Department of Gastroenterology and Hepatology, University Hospital Centre Rijeka, School of Medicine, University of Rijeka, 51000 Rijeka, Croatia
Authors to whom correspondence should be addressed.
Medicina 2021, 57(10), 1057;
Submission received: 10 September 2021 / Revised: 29 September 2021 / Accepted: 1 October 2021 / Published: 3 October 2021
(This article belongs to the Special Issue Non-alcoholic Fatty Liver Disease – from Bench to the Bedside)


The COVID-19 pandemic was and still is a global burden with more than 178,000,000 cases reported so far. Although it mainly affects respiratory organs, COVID-19 has many extrapulmonary manifestations, including, among other things, liver injury. Many hypotheses have been proposed to explain direct and indirect impacts of the SARS-CoV-2 virus on the liver. Studies have shown that around 15–30% of patients with COVID-19 have underlying liver disease, and 20–35% of patients with COVID-19 had altered liver enzymes at admission. One of the hypotheses is reactivation of an underlying liver disease, such as non-alcoholic fatty liver disease (NAFLD). Some studies have shown that NAFLD is associated with severe COVID-19 and poor outcome; nevertheless, other studies showed no significant difference between groups in comparing complications and clinical outcomes. Patients with NAFLD may suffer severe COVID-19 due to other comorbidities, especially cardiovascular diseases. The link between NAFLD and COVID-19 is not clear yet, and further studies and research are needed.

1. Introduction

The pandemic of severe acute respiratory syndrome (SARS) caused by the coronavirus SARS-CoV-2 (COVID-19, Sarbecovirus subgenus, Betacoronavirus genus, Coronaviridae family) started in the city of Wuhan, Hubei province, China, in December 2019. Soon after, it became a global burden as the pandemic progressed.
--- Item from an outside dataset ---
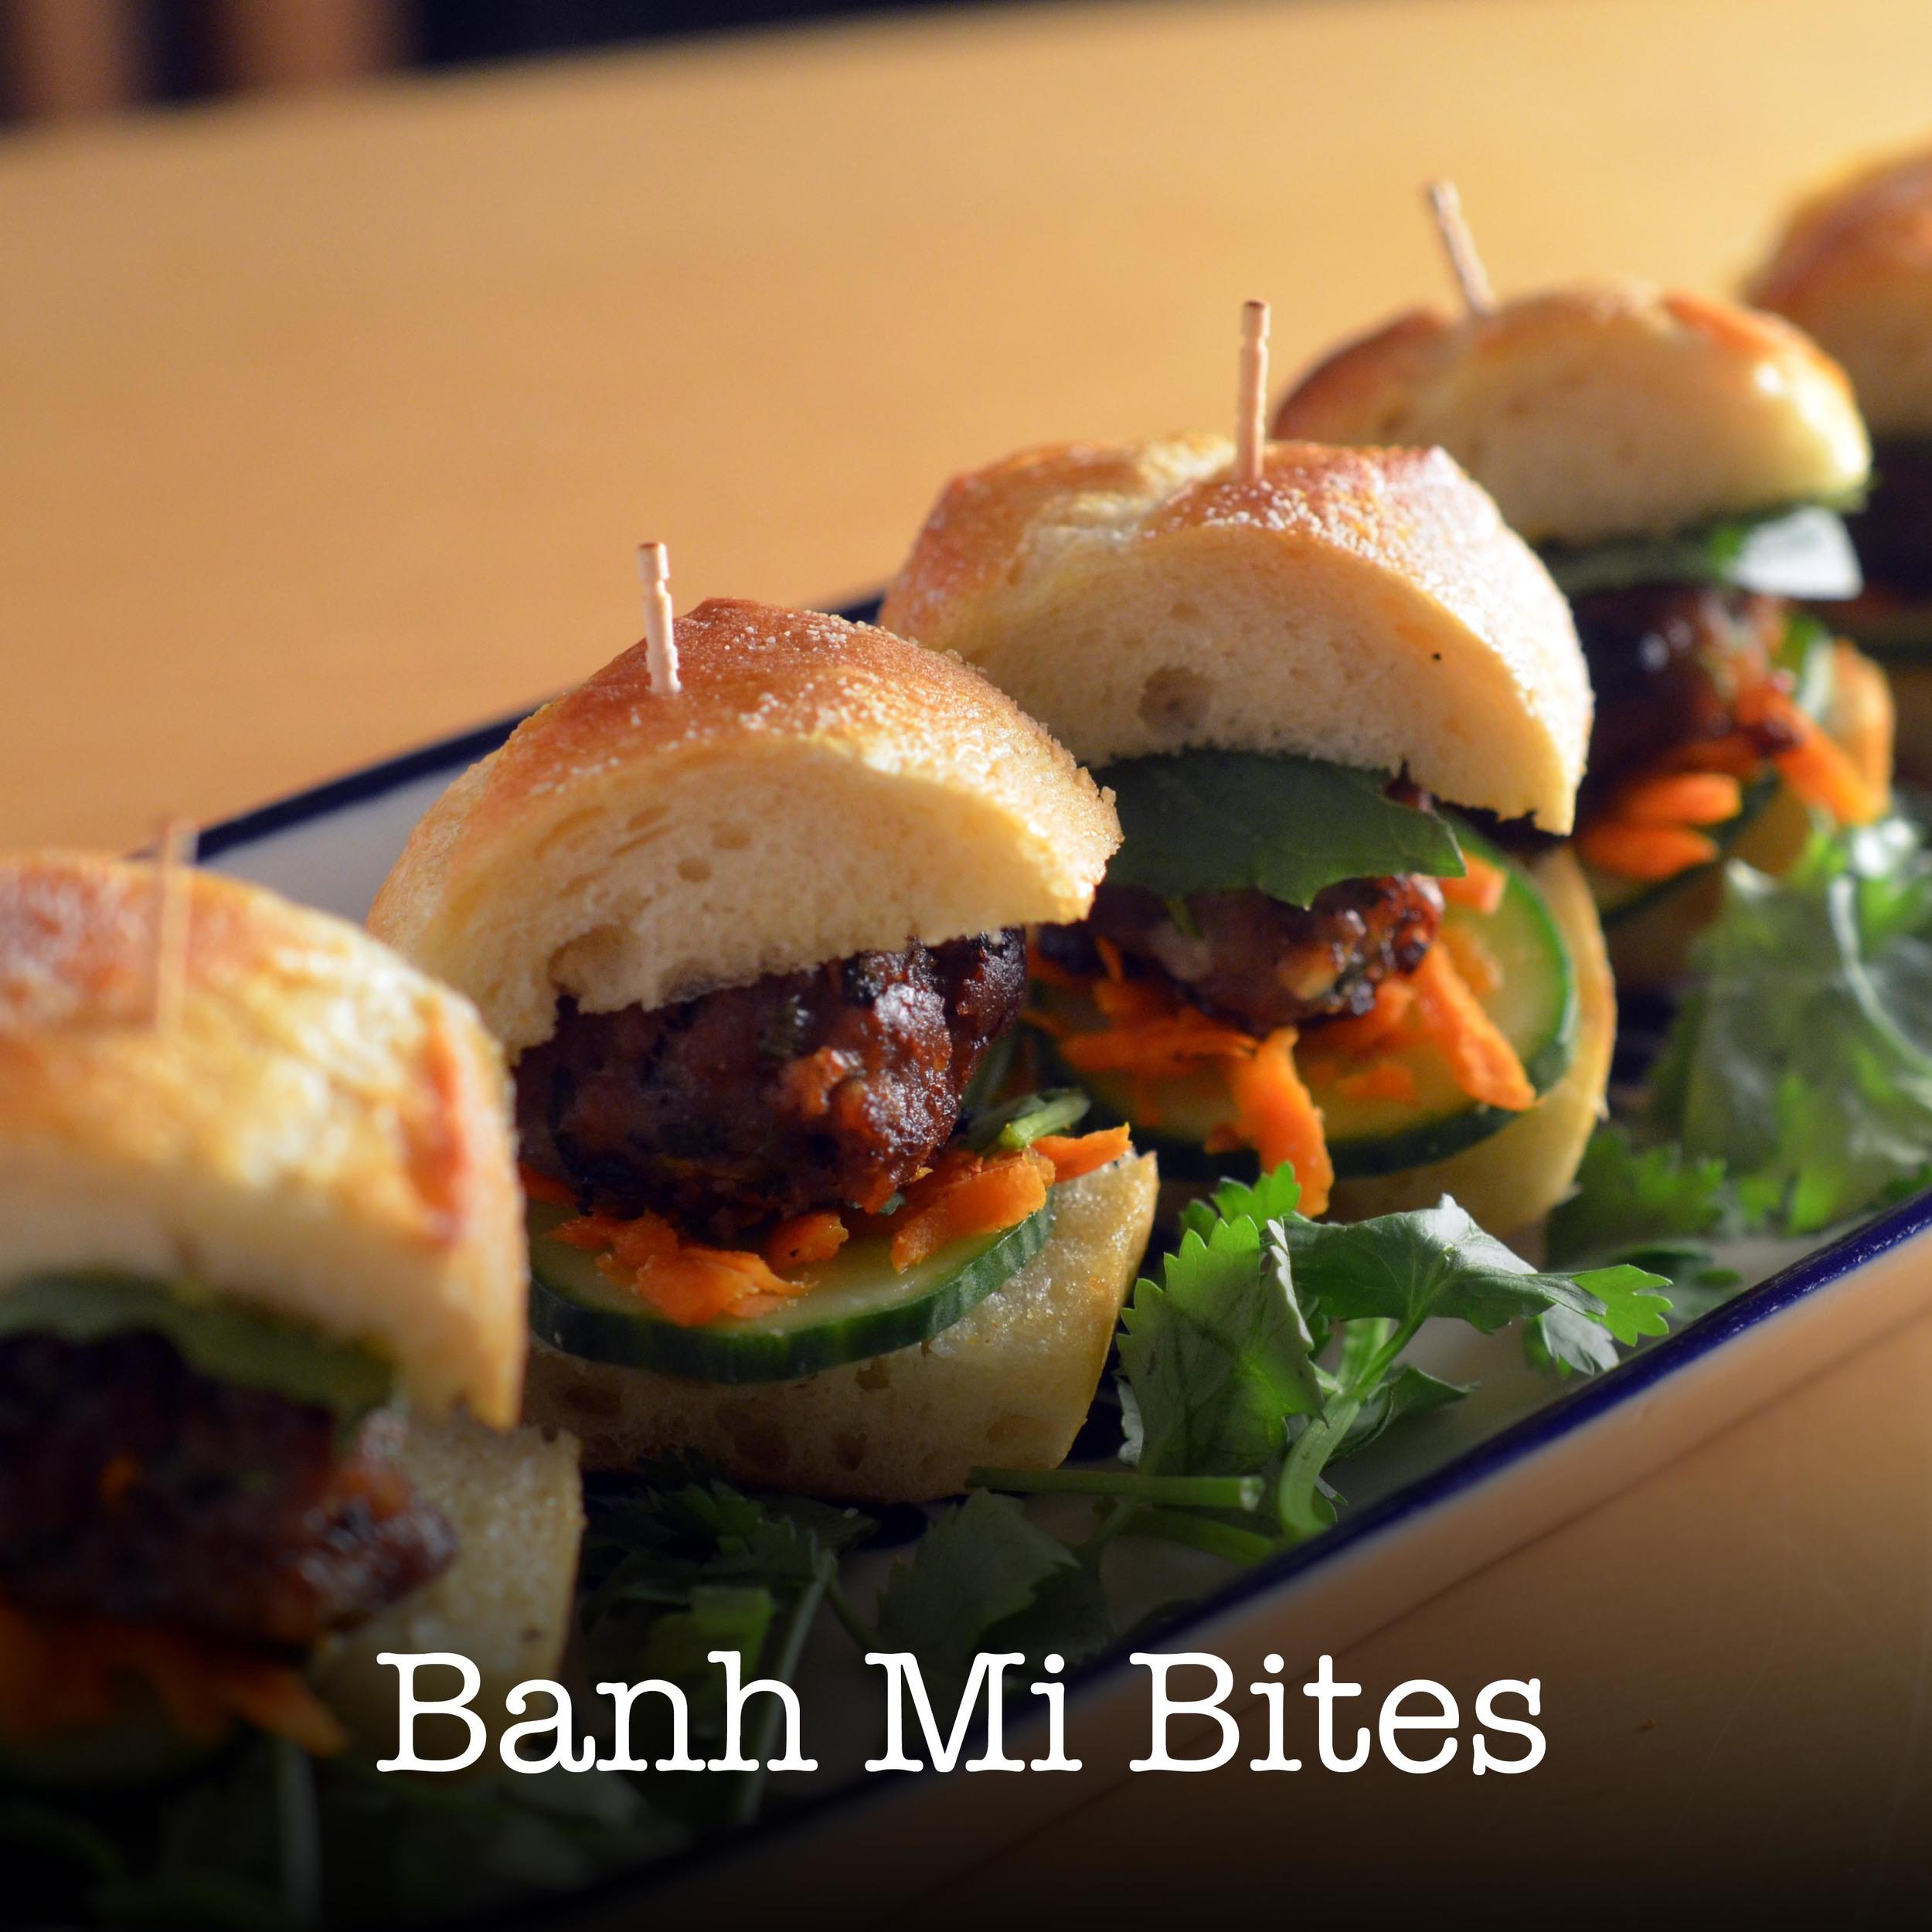 Banh Mi Bites.jpg

By June 2021 more than 178,000,000 cases have been reported, as well as 3,860,000 deaths [1,2].
Even though the majority of subjects remain asymptomatic, acting as a primarily respiratory virus, it mainly affects respiratory organs, causing symptoms from cough, fever, nasal congestion, fatigue, loss of smell and taste, and flu like symptoms, up to severe pneumonia and acute respiratory distress syndrome (ARDS). However, we have learned that COVID-19 is actually a systemic disease, meaning that extrapulmonary manifestations, such as thrombotic incidents, gastrointestinal symptoms, cardiac symptoms and arrythmias, and ocular or neurological symptoms are not uncommon [3]. Liver injury in COVID-19 patients has been observed with an incidence from 14% to 53% [4,5]. However, major clinically significant liver damage is infrequent [6].
Starting long before the COVID-19 pandemic, in the last few decades, a continuously increasing incidence of obesity and metabolic syndrome (MetS) has become a major public health problem. Non-alcoholic fatty liver disease (NAFLD) is, in fact, a metabolic liver disease directly linked to MetS and its individual conditions [7]. It has been estimated that the prevalence of NAFLD is from 20–30%, varying from country to country [8]. It is predicted that by 2030, NAFLD is going to be the leading cause of liver cirrhosis and the most frequent indication for liver transplantation [9]. With our continuously increasing knowledge of NAFLD pathogenesis, we understand that NAFLD represents a state of metabolic dysregulation and chronic low-grade inflammation alongside other conditions of MetS [7]. Thus, recently a new acronym MAFLD (metabolic-associated fatty liver disease) has been suggested and used because it emphasizes the role of metabolic dysregulation in NAFLD pathogenesis [10].
Being the most prevalent chronic liver disease, it is obvious that during SARS-CoV-2 outbreak, a lot of people suffer from both conditions simultaneously. However, the true interaction between these two pandemics is still not fully understood. Because of high-lethality of COVID-19 and global repercussions of outbreak, better understanding of virus behavior, risk factors of COVID-19 disease progression and its interaction with other frequent diseases is mandatory for anticipation of virus-related events worldwide [11].
In present review, we discuss the interaction of two different pandemics: a few decades old NAFLD pandemic and the recent SARS-CoV-2 outbreak. Theoretically, in COVID-19 patients, NAFLD and associated metabolic dysregulation and chronic low-grade inflammation could pave a path to more serious liver and systemic complications and could also serve as a prognostic marker of ongoing viral disease [12,13].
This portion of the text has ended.